Puxei um pouco de energia através do laço com Kairin, já me familiarizando um pouco mais com nossa nova ligação. Vendo através dos seus olhos, que eram feitos para enxergarem de longe, captei melhor os inimigos que se aproximavam:
Quase uma centena deles viam com velocidade, suas armaduras de prata brilhando no céu escuro como se fossem estrelas. Sua formação mimetizando uma constelação que descia de além das nuvens para destruir o firmamento.
— Precisamos evacuar a cidade. — Ouvi Satoriel falar enquanto ele caminhava até onde suas coisas estavam e pegava um arco e amarrava uma aljava, recheada com flechas, na cintura.
Quando reparou que nós ainda estávamos estáticos, encarando o exército que se aproximava com velocidade, gritou:
— Vão agora!
Minha avó, que estava assistindo nosso treinamento esse tempo todo como ela disse que faria, caminhou devagar até ficar ao lado do Caçador e estendeu o braço para que Percevarez pousasse nele.
— Conto com vocês dois. — Ela falou, sem se virar para olhar para nós.
Eu a vi de costas, encarando um exército de alados. Exatamente a última visão que eu tive dela em minha vida passada, enquanto fugia com o ovo de Victoria nos braços e ela ganhava tempo para mim e para toda nossa cidade.

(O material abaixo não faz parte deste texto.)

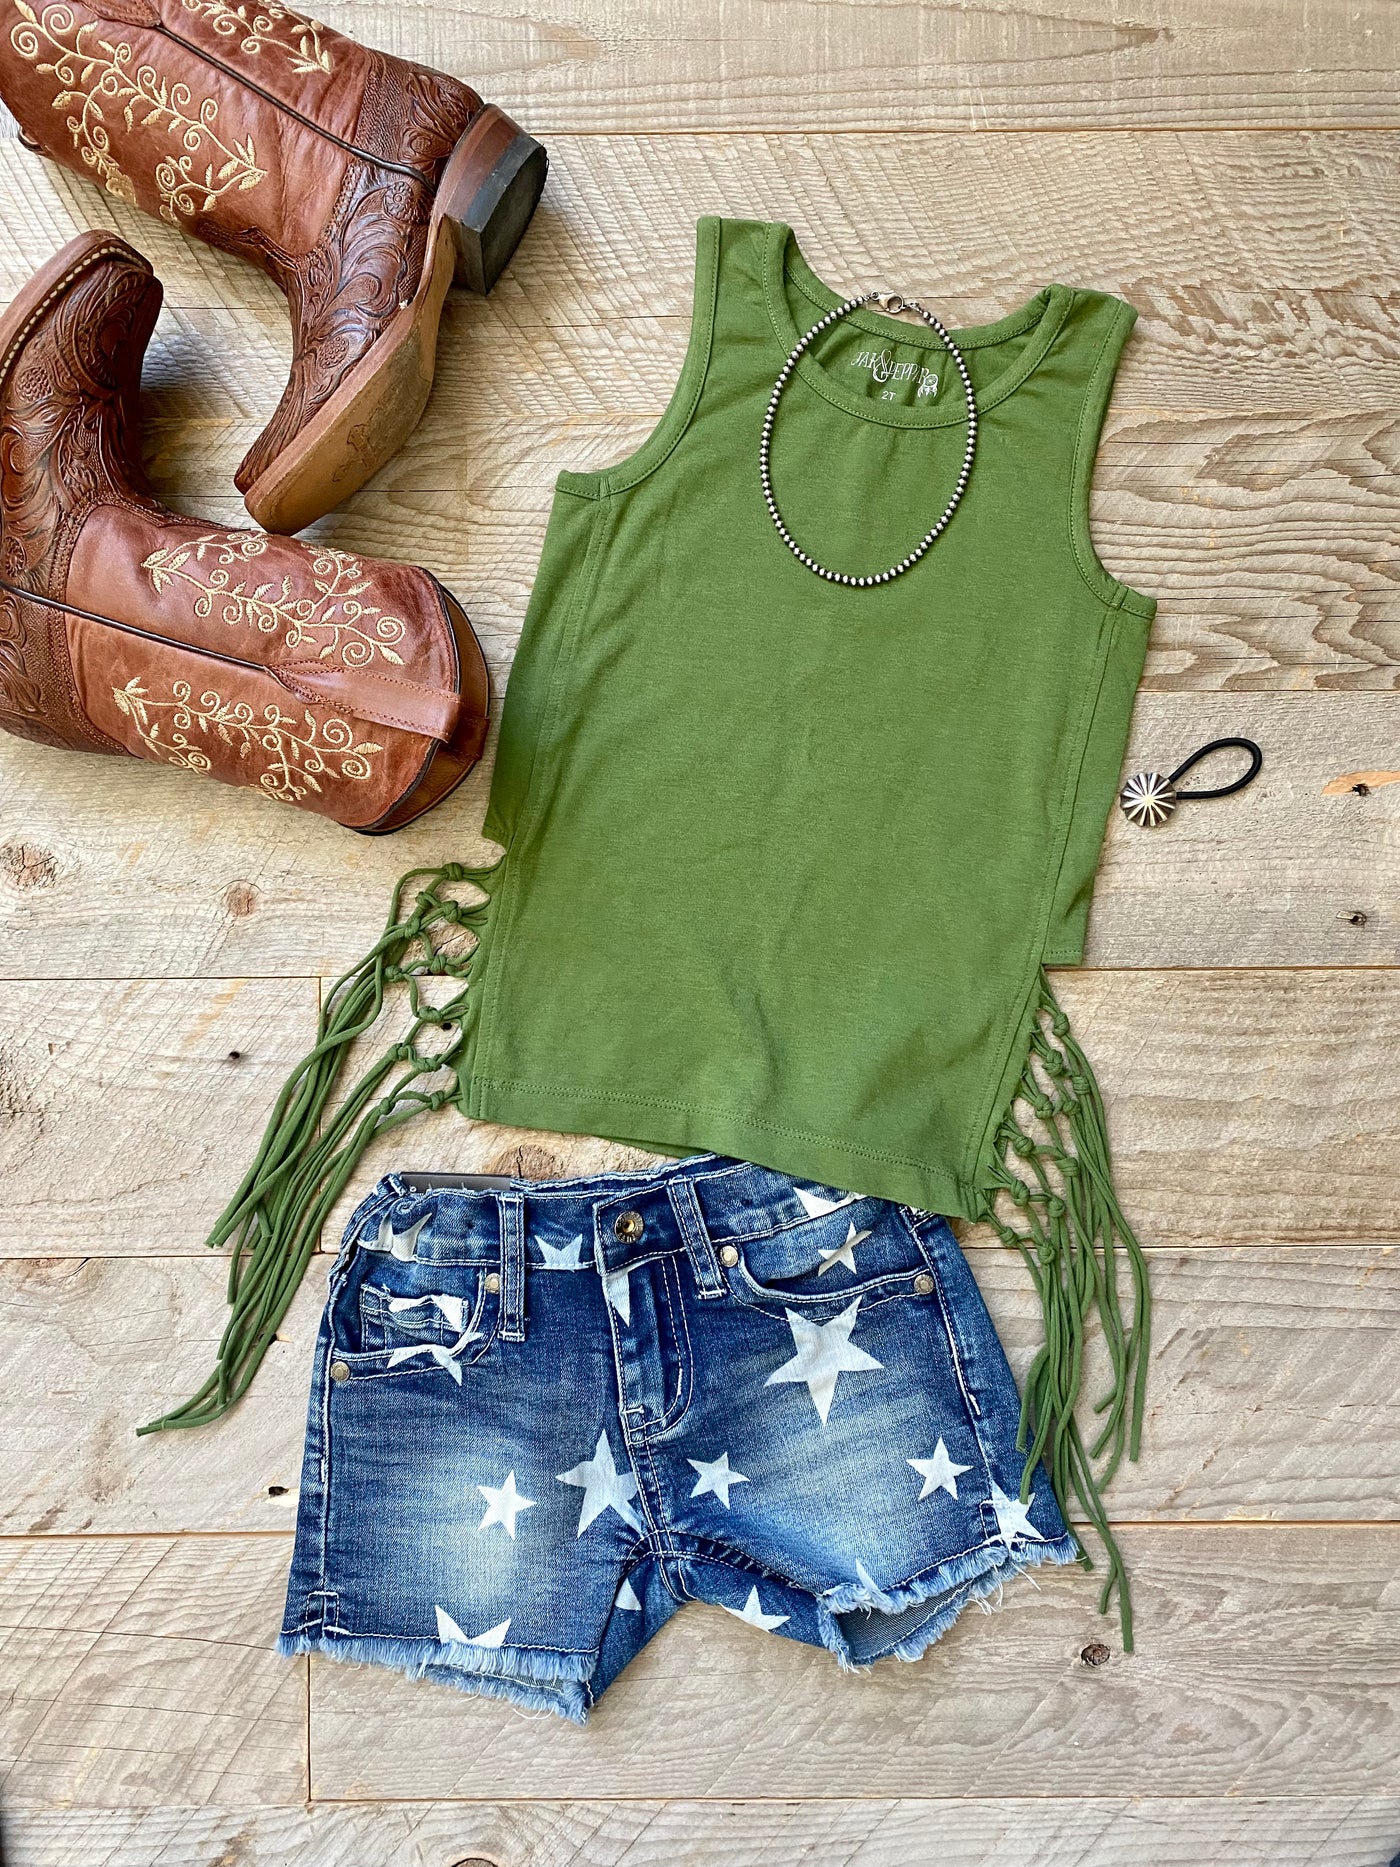 The Finley Fringe Tank Top
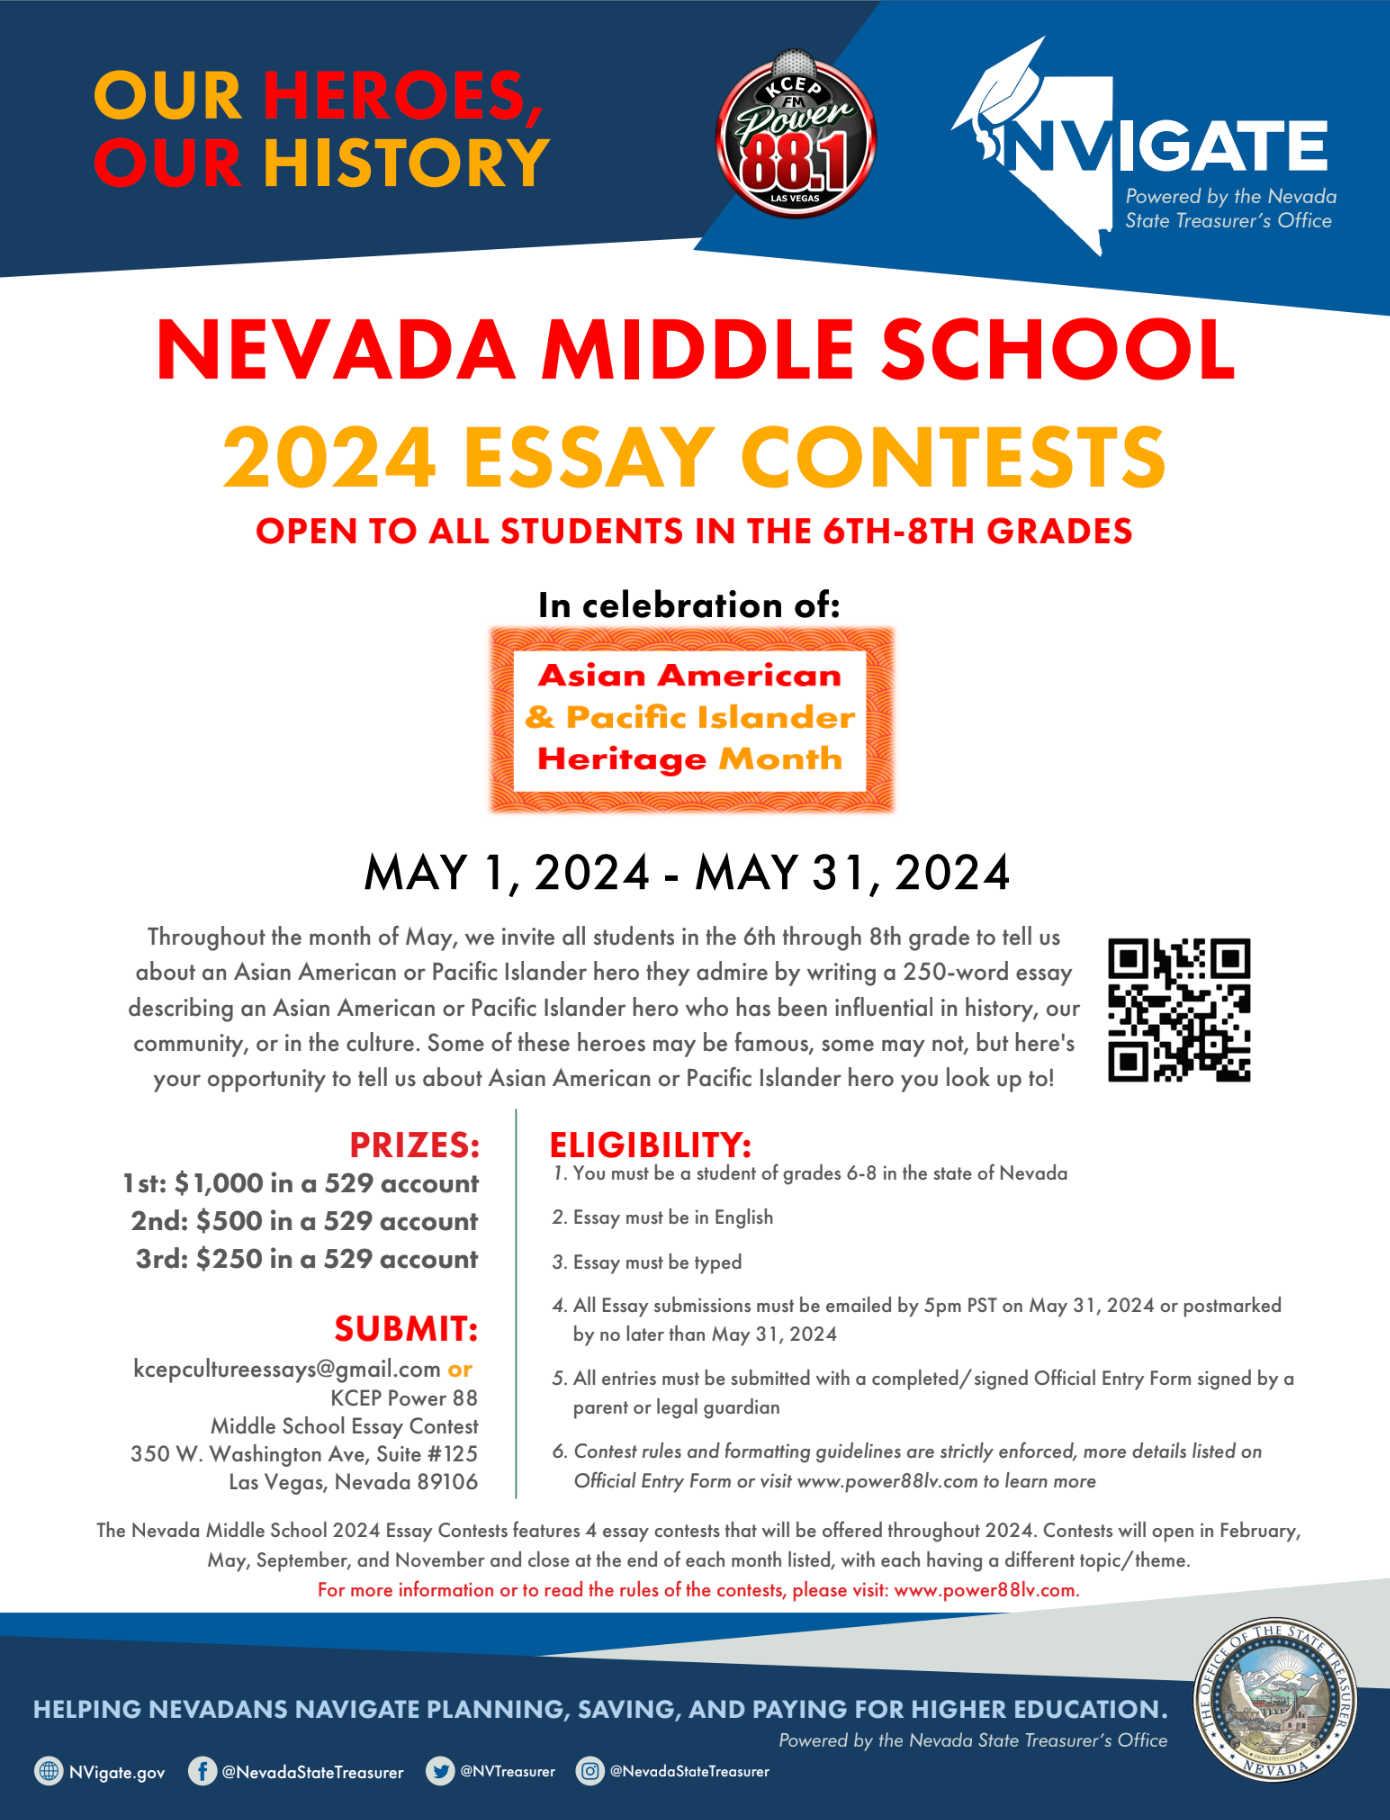 The nevada middle school 2024 essay contest is open to all students in the 6th and 5th grades.

Eu não podia deixar ela aqui, mas temi que minha presença fosse apenas servir como motivo de preocupação. Diferente da outra vez, ela não estava sozinha agora e eu não iria apenas fugir.
— Você está bem para voar, Vic? — Falei através do laço.
— Sim, foi só um susto. Precisa de mais do que isso para arranhar minhas escamas.
Me lembrei que as espadas dos alados eram capazes de mais do que a arranhar e temi novamente pela vida de alguém querido por mim.
— Então vamos avisar os outros!
Ela correu sobre as quatro patas e saltou, batendo suas asas enquanto pegava impulso e se afastava do solo. Não estávamos tão longe da cidade, apenas o suficiente para fugir de olhares curiosos.
Kairin voava ao nosso lado, ficando por perto e mantendo a mesma velocidade de Victoria, embora eu soubesse que ela conseguiria voar mais rápido se quisesse. A incapacidade que os familiares tinham em se comunicar com outros, que não partilhavam do mesmo laço, atrapalhava naquele momento.
Não adiantaria nada ele retornar o mais rápido possível se não conseguiria ele mesmo dar o aviso.
Olhei pra trás uma última vez, tentando adivinhar quanto tempo tínhamos antes que os alados chegassem em terra. Pela velocidade que voavam e pela distância… Eu não fazia ideia. Uns cinco minutos? Dez?
— Mais rápido!
Segurei firme nas escamas de Vic enquanto fazia o uso do vermelho para fortalecer a pegada dos meus dedos.